Darkened Offices. The fight against Fortas was stepped up on two fronts. One was being carefully led on the Senate floor by Michigan Republican Robert P. Griffin. The other was pressed within the Senate Judiciary Committee by Republican Strom Thurmond, the gentleman Torquemada from South Carolina. Thurmond continued to ham mer at an emotional, if elusive issue: pornography. He condemned the fact that Fortas had voted with the court majority in a 5-to-4 decision holding that a Los Angeles exhibitor did not violate the law with his raunchy films. The ruling made it easier for U.S. exhibitors to show films featuring total male and female nudity.

Day after day last week, Thurmond buttonholed his colleagues to watch the films in darkened Senate offices. One aide of Richard Nixon called it "the Fortas Film Festival." The Senators were not titillated but shocked, and they left the showings in a grim mood. The screenings apparently swayed some votes away from Fortas. Senators know that middle-class opposition to pornography is rising, and the subject—like the Supreme Court itself—has become a symbol of what is wrong in the U.S.

It mattered little that nobody really knew what Fortas thought about the films. The court judgment involving them was one of the many per curiam decisions, which do not require Justices to write their opinions. In an obscenity case, what is often at issue is not the merits or demerits of the film, but the manner in which it was seized, the legality of the prior court action, and the definition of obscenity in the individual situation.
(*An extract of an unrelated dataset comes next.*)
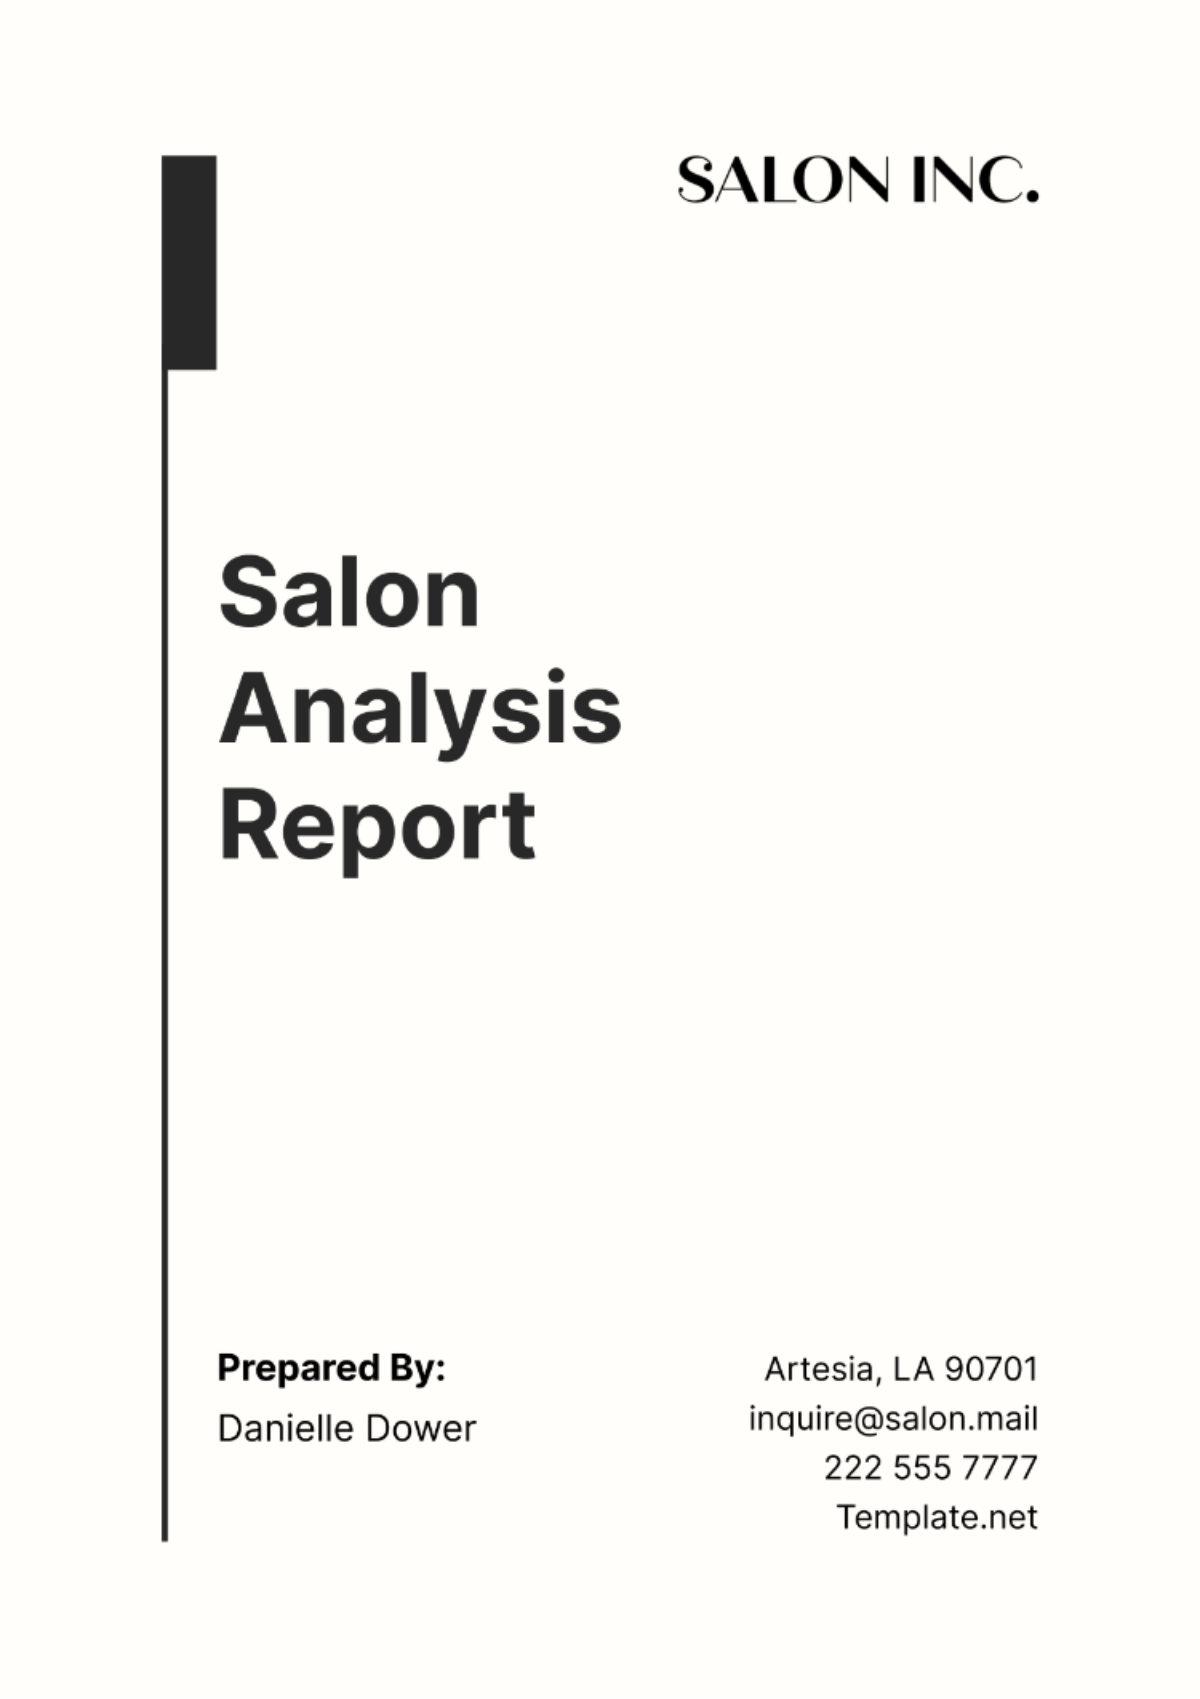 Salon Analysis Report Template
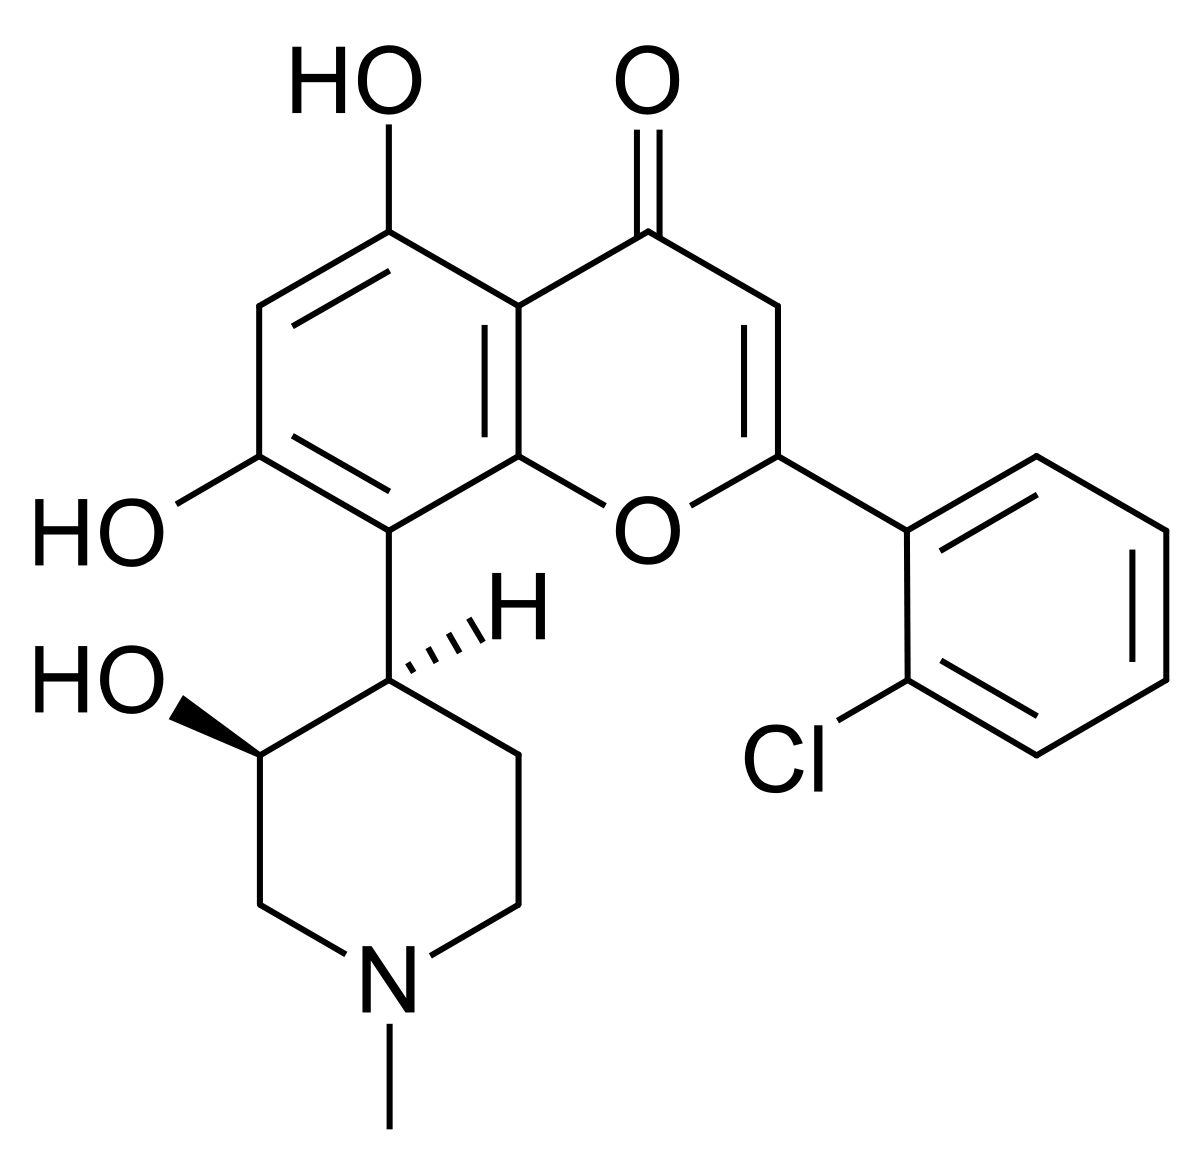 Structure of Flavopiridol

Definitions have been vague ever since the landmark Roth decision of 1957, eight years before Fortas was appointed an Associate Justice. That decision established several broad criteria of tolerance, all of which have created problems of interpretation.

Fortas' interpretations vary, depending on the case. In 1966, he voted with the 5-to-4 majority to uphold the conviction of Eros Publisher Ralph Ginzburg on grounds that he pandered to prurient interests by using overly suggestive advertising. But that did not make much of an impression upon Eastland, Thurmond and critics even farther to the right. In a large mailing, the fanatically right-wing Liberty Lobby accused Fortas of being a convinced revolutionary and a supporter of the pornography industry.